No se trató de un accidente de guerra. Refleja una estrategia sudanesa de contrainsurgencia, deliberada, de tierras quemadas, aquí, en el extremo sur de Sudán.

Un ejército rebelde con muchos miles de soldados, al que, al parecer, apoyan con fuerza los lugareños porque los protege del gobierno nacional, gobierna en los Montes Nuba. El gobierno sudanés bombardea a los rebeldes y periódicamente los ataca, pero la mayoría de sus ataques parecen dirigirse a civiles para, al parecer, hacer que la zona sea inhabitable para que no quede nadie que apoye a los rebeldes.

Esta es mi cuarta visita a los Montes Nuba, todas hechas en forma subrepticia porque Sudán prohíbe la entrada a esta zona a periodistas, socorrista y casi a cualquiera. Me escabullí por las líneas rebeldes en un vehículo embadurnado de lodo para que a los bombarderos les fuera más difícil detectarlo.

El personal del hospital me alertó sobre los seis niños Shanta. “Cuando llegaron estaban horrendamente quemados”, recuerda el doctor Tom Catena, un estadounidense que es el único médico en el hospital. Ayat, una niña de tres años, con casi la mitad del cuerpo tatemado, murió a los dos días.

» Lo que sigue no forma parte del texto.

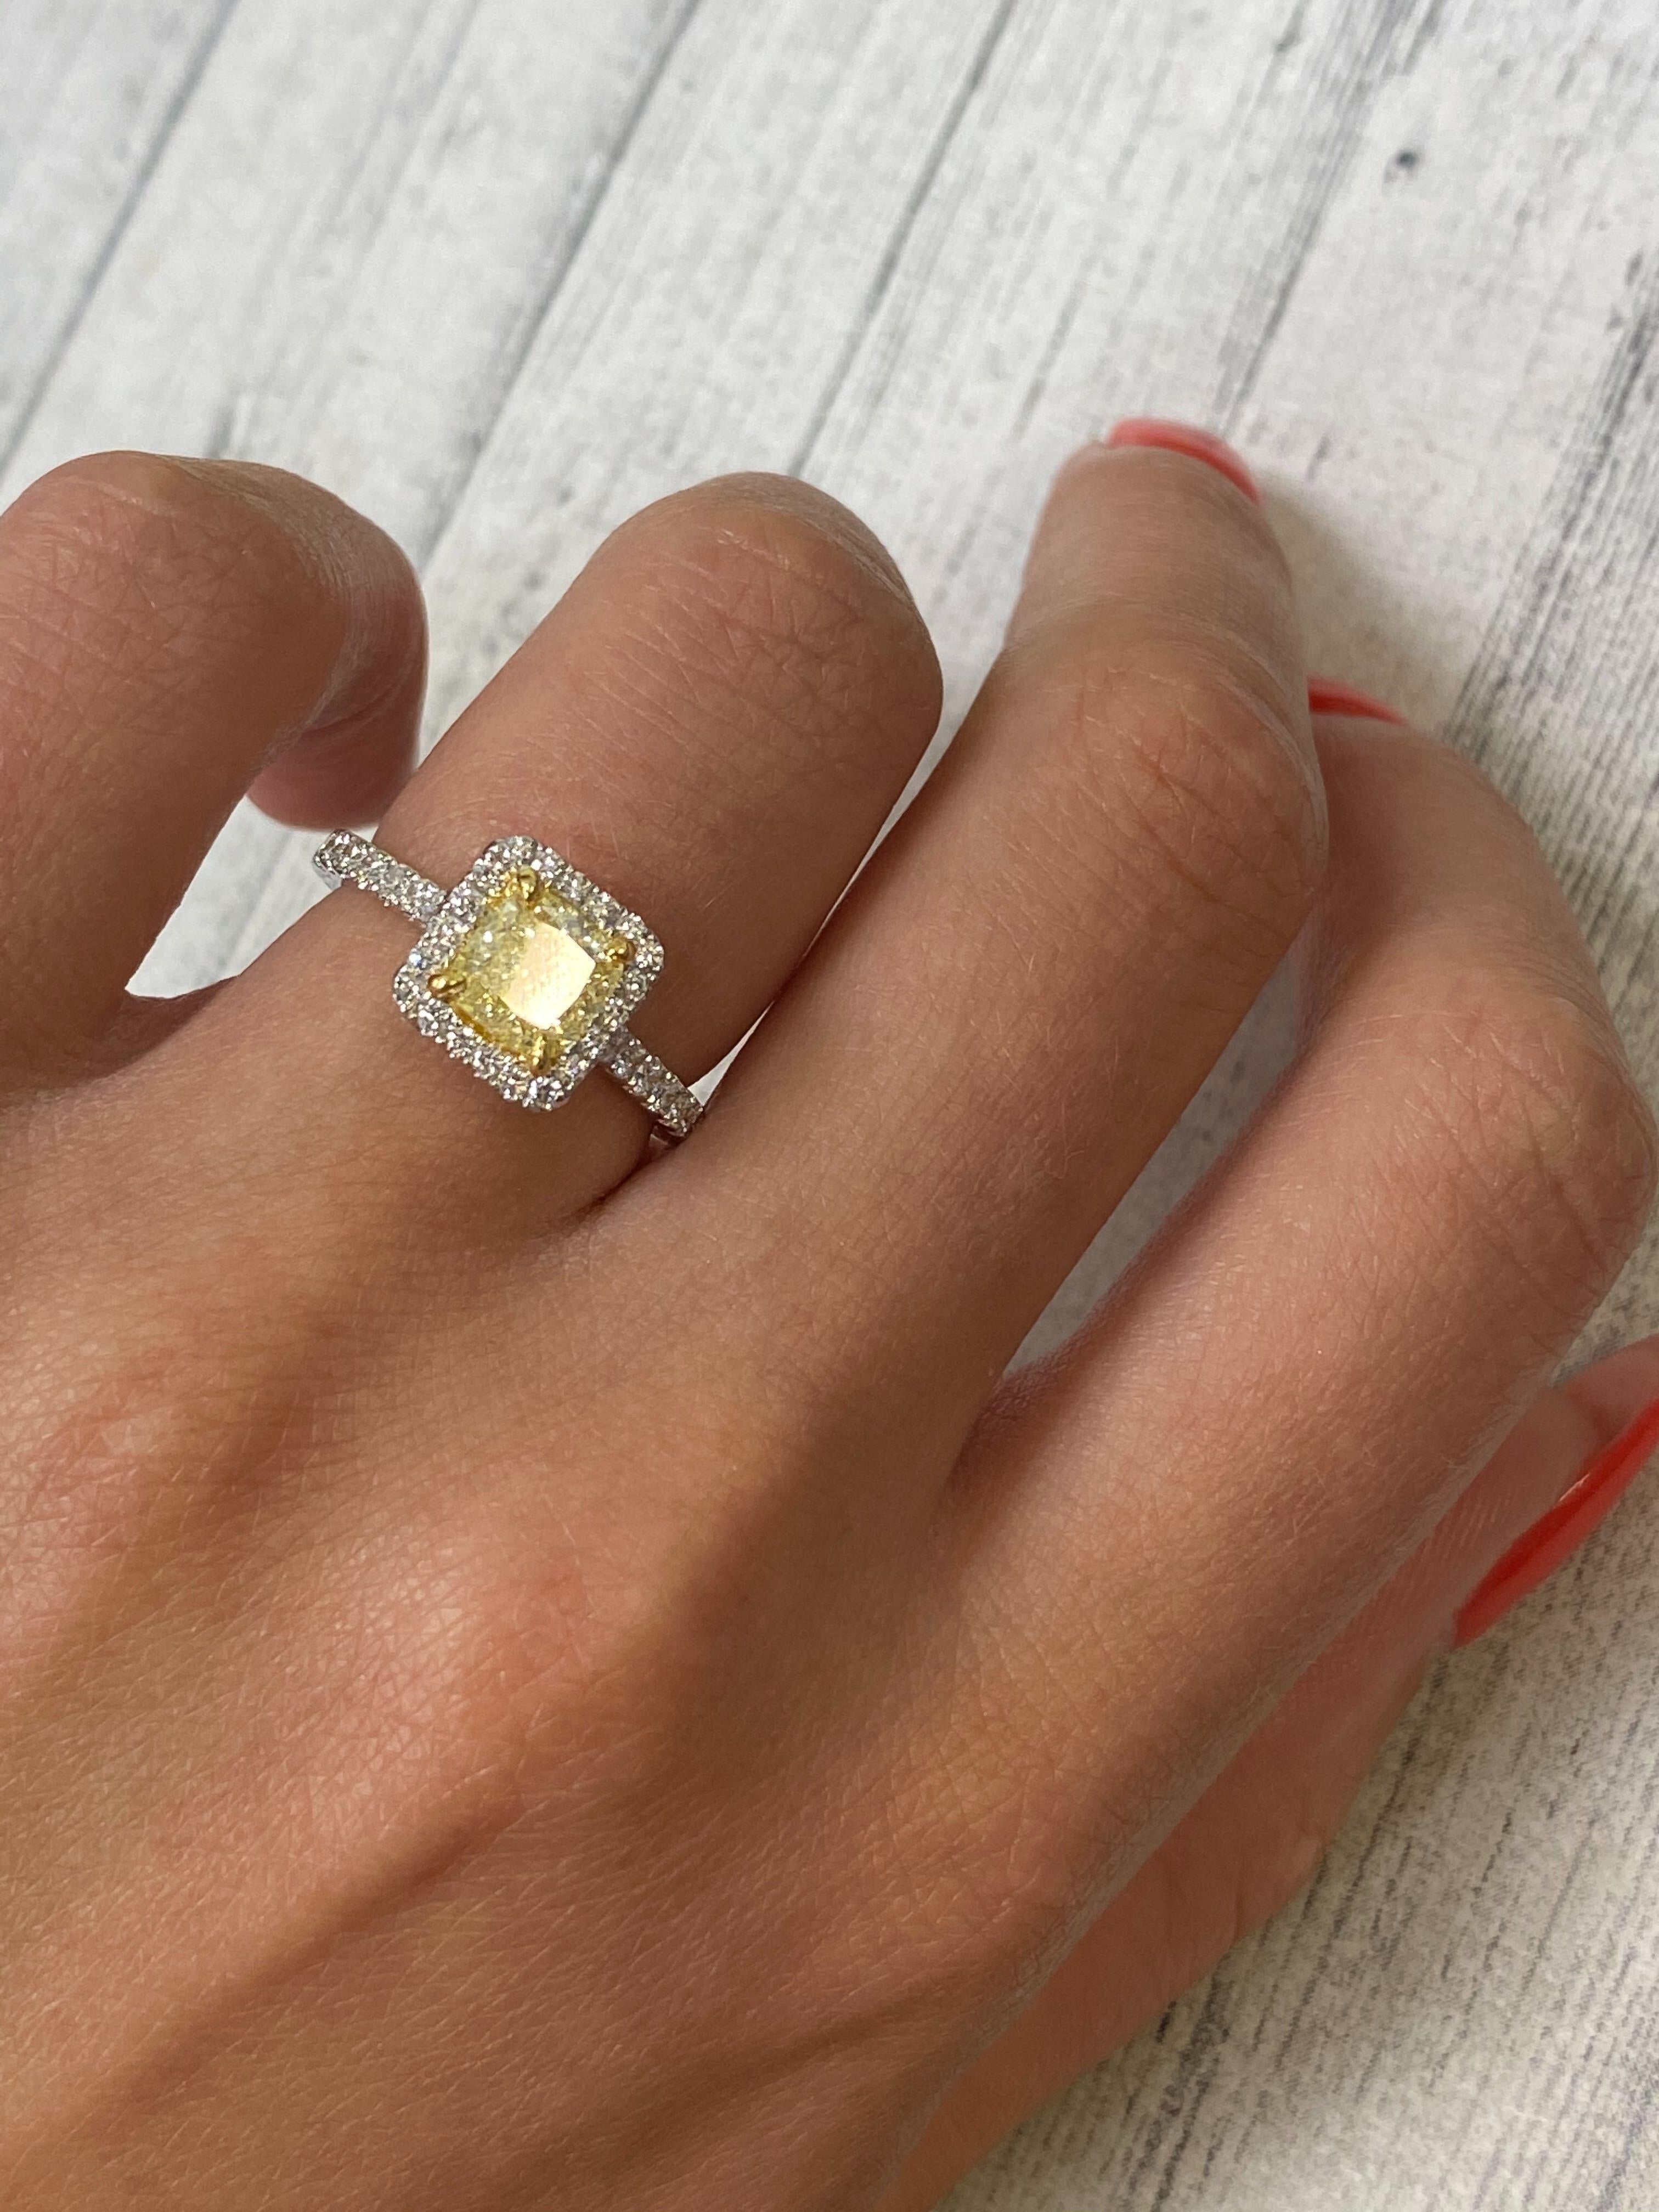 Rachel Koen 18 Karat White Gold Fancy Yellow Diamond Ring with Halo 1.36 Carat 1
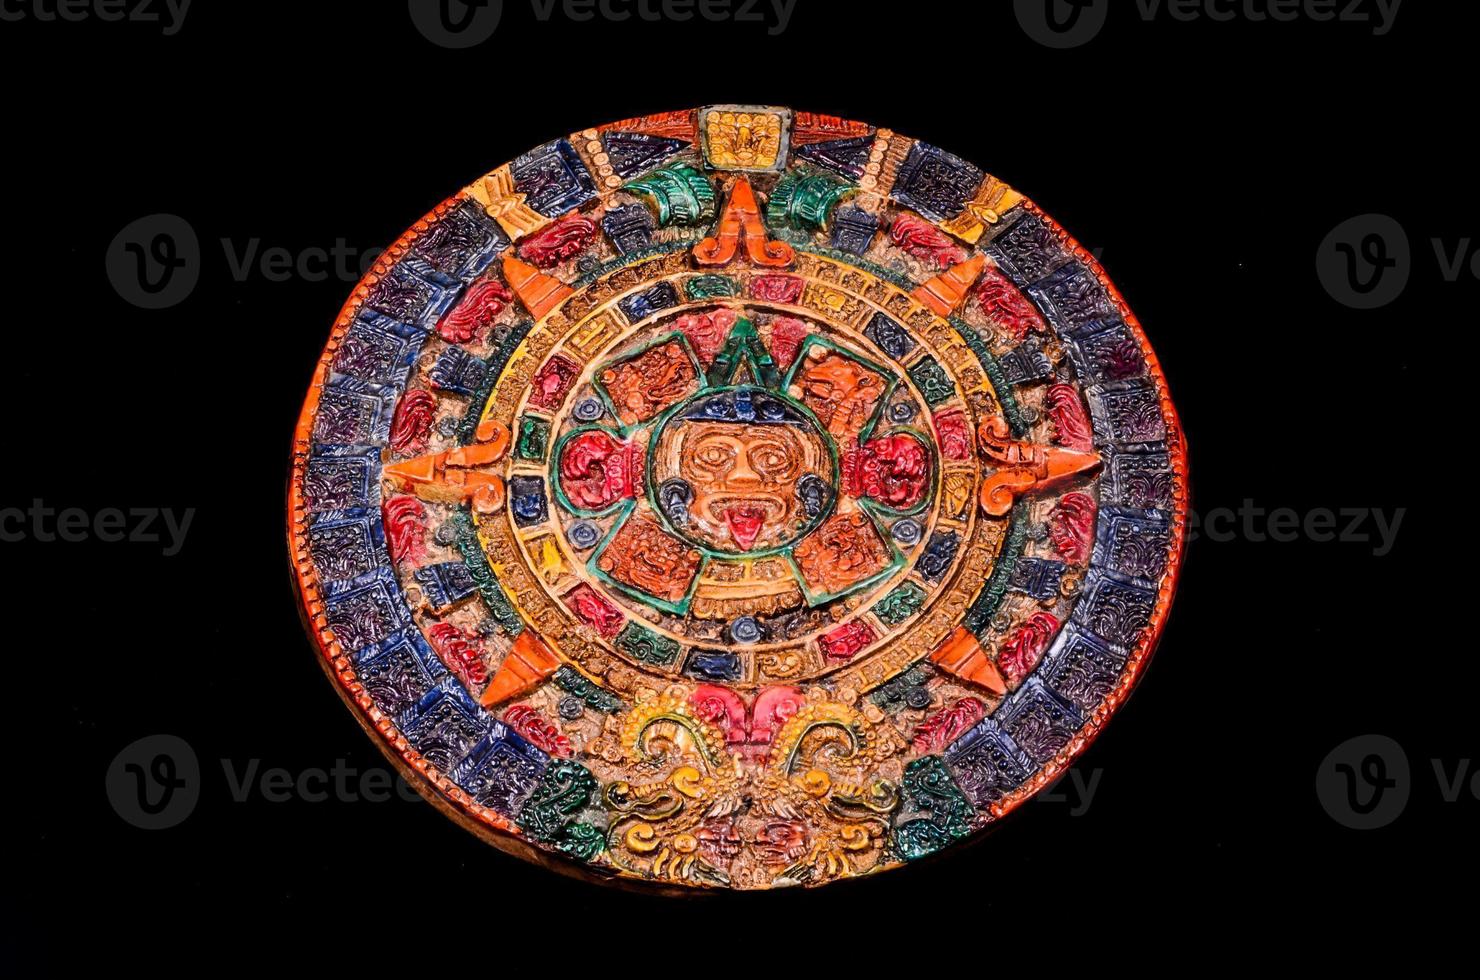 calendrier maya typique en argile colorée photo

Parecía que Hosana, una hermana de 10 años, iba a vivir, pero se le infectaron de tétanos las heridas y murió, también.

Catena se concentró en tratar de salvar a su hermano de ocho años, Shanta, quien perseveró durante semanas. Sin embargo, las moscas depositaban huevecillos en las heridas y, pronto, las quemaduras estaban llenas de gusanos. Catena dice que los quitaba y al día siguiente había más. el niño mostró un valor extraordinario, recuerda Catena, pero gritaba todos los días por el dolor cuando le cambiaban los vendajes. Al final, murió, también.

Llegué a la aldea de la familia Shanta después de manejar por una zona de casas bombardeadas y encontré a aldeanos traumados que se quedaban cerca de las cuevas donde podían refugiarse de las bombas. Los tres niños Shanta sobrevivientes quedaron, literalmente, marcados de por vida; una niña, Rhoda, de seis años, no puede extender los brazos debido a las quemaduras.

Osman Shanta y su esposa Sadia, lloran la muerte de sus cuatro hijos, así como la de sus sobrinas. Reconfortan al hijo sobreviviente, Abdulá, cuando tiene pesadillas.

El día que estuve de visita, la aldea volvió a ser bombardeada una vez más. La temporada de lluvias empieza ahora, lo que significa que las cuevas están húmedas, así es que es frecuente que enfermen los niños.

Unas cuantas organizaciones – Nuba Reports, Enough Project, Human Rights Watch – llaman la atención hacia el sufrimiento que hay aquí, pero los Montes Nuba no tienen ningún valor estratégico, y ni Estados Unidos ni otros gobiernos han cuestionado los bombardeos o la falta de acceso humanitario.

Cuando era senador, el hoy presidente estadounidense, Barack Obama criticó al entonces presidente George W. Bush por consentir las atrocidades sudanesas, pero su gobierno ha hecho menos para presionar a Sudán de lo que hizo el de Bush.

Ese solo proyectil mató a seis primos en una familia y desfiguró a tres niños. Y estas bombas y proyectiles siguen cayendo, día tras día, tras día.